I'm sure I'm missing something but I'm only two days into looking at this.
 
Because you mention Color Pilot I assume that your presses are the roll-fed models. Setting aside the matter of spot colors, which are converted in a different path from RGB, gray, or CMYK objects, my observation is that most users employ a workflow similar to yours. The Indigo's primaries and standard EXP05 curves yield an "offset-like" result without color-managing further. You can fine-tune gray balance using curves alone with the usual G7 tools, though most shops don't, because they lack the time, perceived need, or the knowledge to do it. However, even if curve corrections are diligently applied, overprints tend to look different from those printed by conventional presses owing to their different trapping behavior and perhaps ink opacity as well. A more comprehensive approach is to actively color-manage the workflow by profiling the press and employing the profile as the output space in Color Pilot, or alternatively in a color server such as ColorLogic ZePrA with CM disabled in Color Pilot, as it is by default. CP has certain limitations--lack of perceptual conversions, use of non-ICC CMYK+N profiles, lack of good device-link options or convenient profile updates with small charts, etc. A strong argument can be made that conventional press jobs can benefit from effective color management, particularly when printed on a variety of substrates. The argument is stronger for digital print, if only because files are normally prepared by default for conventional web or sheetfed offset and without converting the color it won't match the former very well (depending on your standards, of course). Bottom line: No, you're not doing as much as you could, but most of your peers aren't either.
 
Bottom line: No, you're not doing as much as you could, but most of your peers aren't either.
Thanks for the reply! I've been at five different plants, and nobody has had an active color management process before I started so I'm excited to tackle this in a new print medium.

The biggest issues I currently see are predictability and consistency.

Predictability I've narrowed down to no tie between what are are outputting and what we are actually trying to target. There isn't anything in place right now for profiles or conversions so every time something prints it is matched visually by hand.

consistency I've narrowed down to a few things. If prepress isn't available the press operator will adjust at press on the fly, causing issues the next time something comes in for a reprint. Huge opportunity there. It also looks like the three presses all calibrate individually to some target - unknown what exactly but not to each other but all strategies out of color pilot are set exactly the same.

So my goals currently are:
1. Get each press to print and calibrate to a consistent baseline across the board.

2. Use that baseline as press profile, and use color pilot to set my target output intent to GRACoL. I don't imagine the entire gamut will be printable, but it will likely result in a closer acceptable output than we are currently at.

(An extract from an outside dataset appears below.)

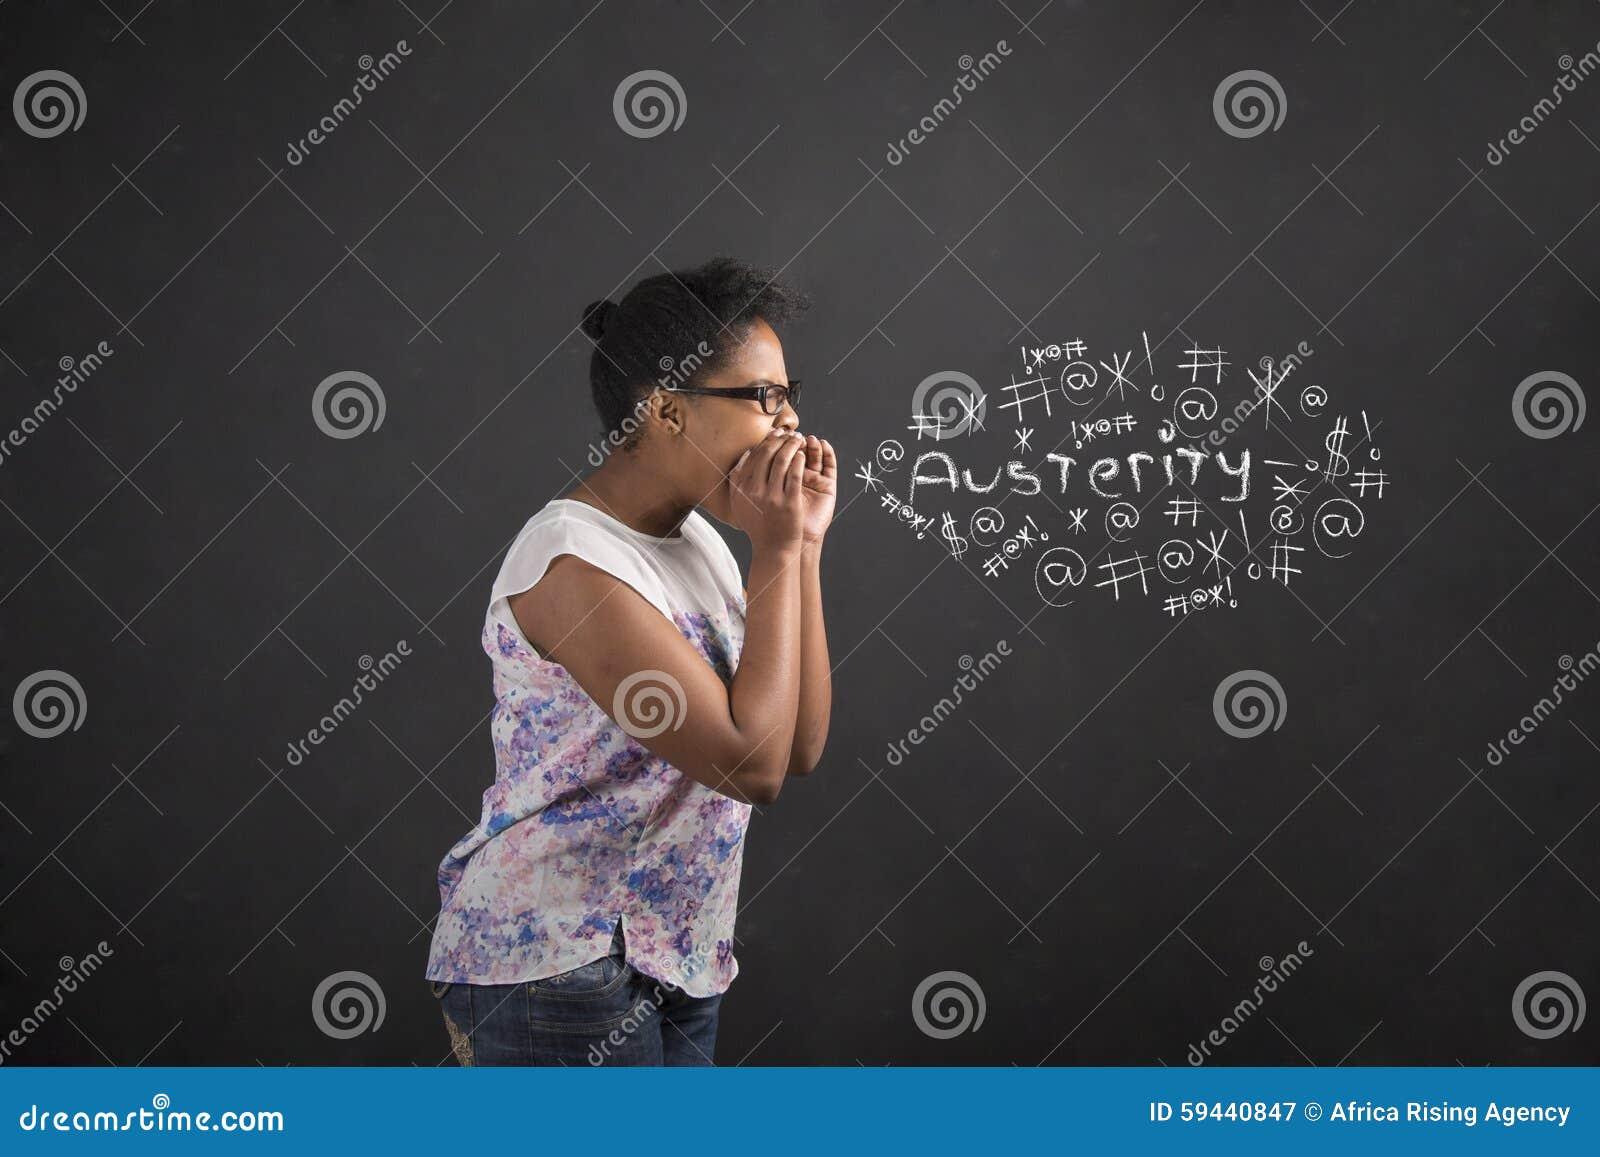 African American woman shouting, screaming or swearing austerity on blackboard background
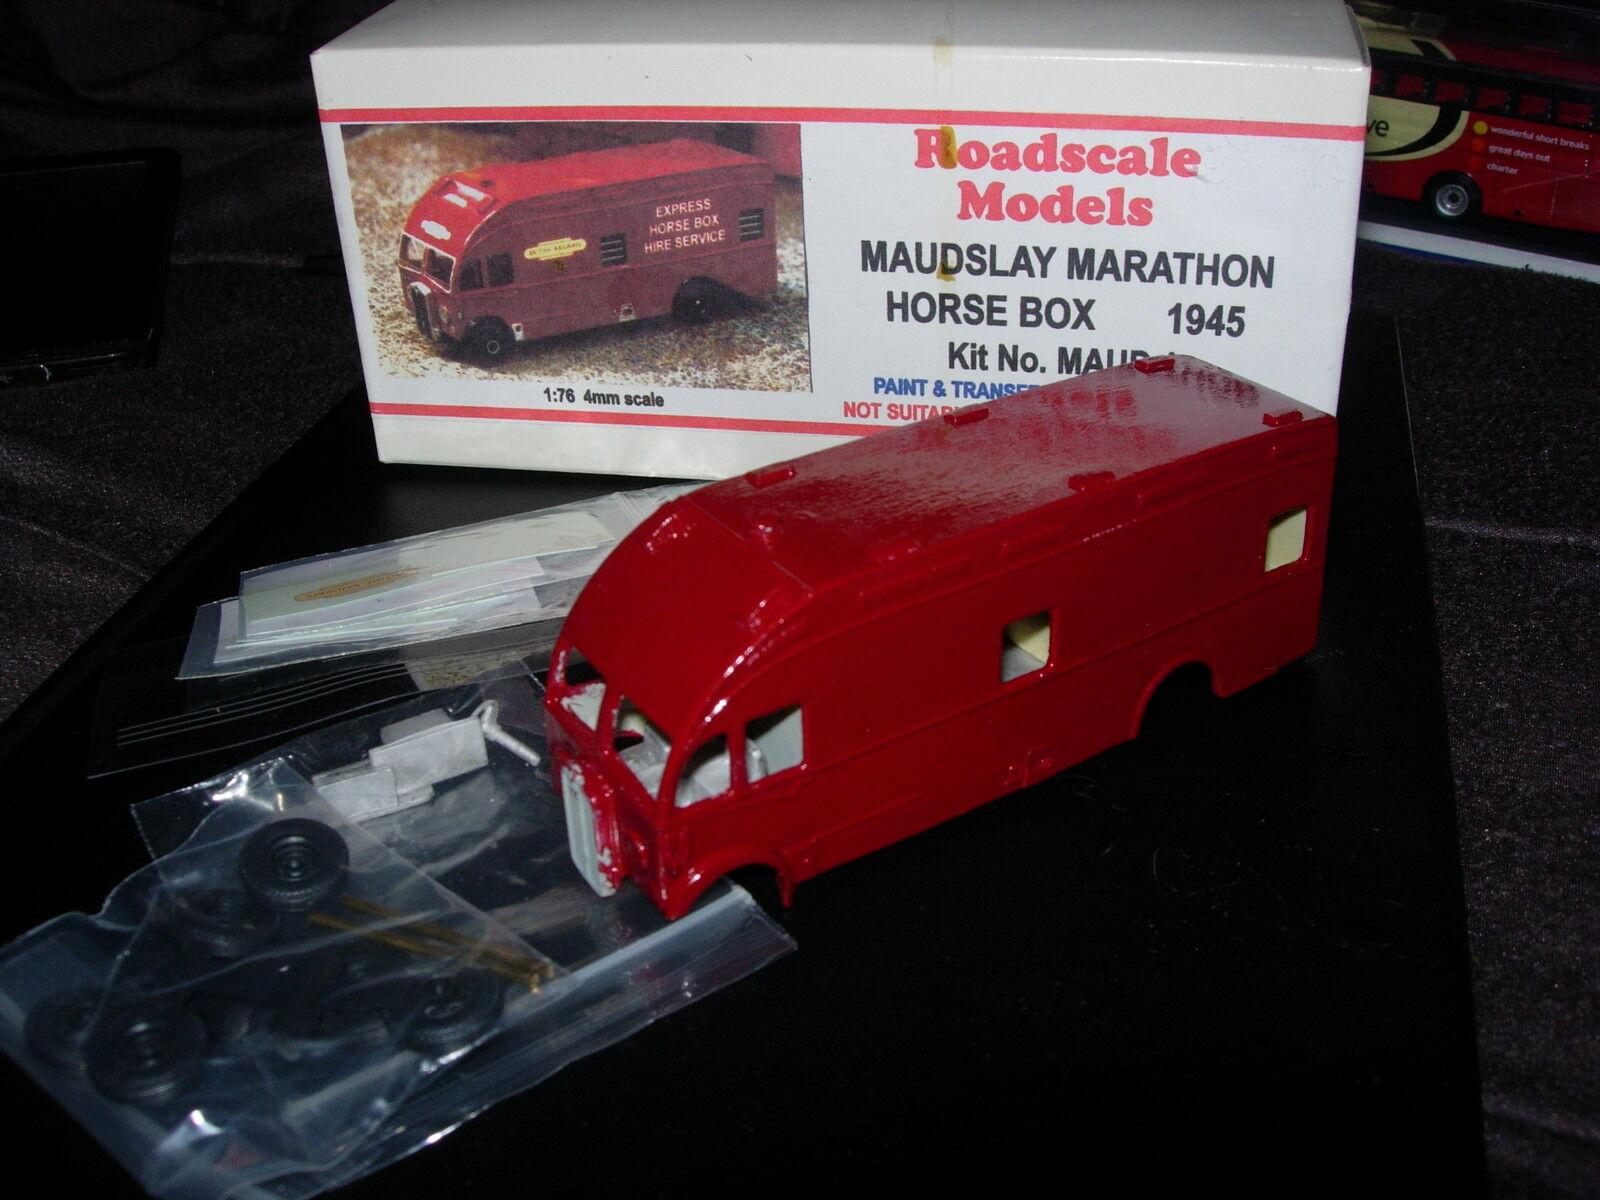 ROADSCALE MODELS MAUDSLEY MARATHON 1945 1 76 SCALE RESIN

Is there anything that sounds incorrect or not possible with what I have outlined above?
 
Predictability and consistency are two sides of the same coin--the somewhat less stable output of this type of press. There is both short-cycle and longer-cycle color drift. Other than machine maintenance there is little you can do about the former; consider it the noise floor of the system. Longer-cycle drift can be addressed, of course, but some methods are better than others. Curve adjustments at the press computer have the disadvantage of messy housekeeping, which you've alluded to. The correction is for dot gain or loss, and by extension gray balance and contrast. Anything more, for example, a change in overprints as a consequence of a substrate change, would not be addressed effectively. For that a "3D" reprofiling would be better, and much is gained by keeping operators out of the curve tools. EXP05 is a good preset--you can leave it there and profile the press.

GRACoL CRPC6 is actually mostly in-gamut for an Indigo with CMYK inks printing on coated paper, so it is in fact a reasonable target for normalization of files destined for printing on similar substrates. CRPC3 is a good general-purpose reference for uncoated stocks. The output profile, assuming you're color-managing, is whatever the press profile is made on the selected substrate for the job at hand. So, this means fixed curves, a profiled press with profile set as output in the DFE our color server, and some means of updating the press profile as color drifts. If the procedure takes longer tan 5 or 6 minutes you can be pretty sure the operators will avoid it, as they have work to get out.

Once this reasoning is accepted you need to consider the quality of the color conversions. A number of third-party tools are available, though they differ greatly in capabilities in handling complex PDFs, and this includes not just image quality but also spot color conversions, transparencies, and many other tricky matters.

We haven't discussed spot color conversions, per se, but matching spot colors actually absorbs the greatest amount of operator time in a label shop, as variances in these colors are immediately noticed. Accurate press profiles are essential, but so is a rational method for characterizing these colors, and for most operators this means, wrongly, specific device values (e.g., CMYK) rather than colorimetric ones. Another handicap is the failure to exploit the extra Indichrome OGV primaries when needed to make the match. The usual reason given is the impact on press speeds and click charges, but just as important is the failure to understand management of multicolor spaces. This is not part of standard operator training.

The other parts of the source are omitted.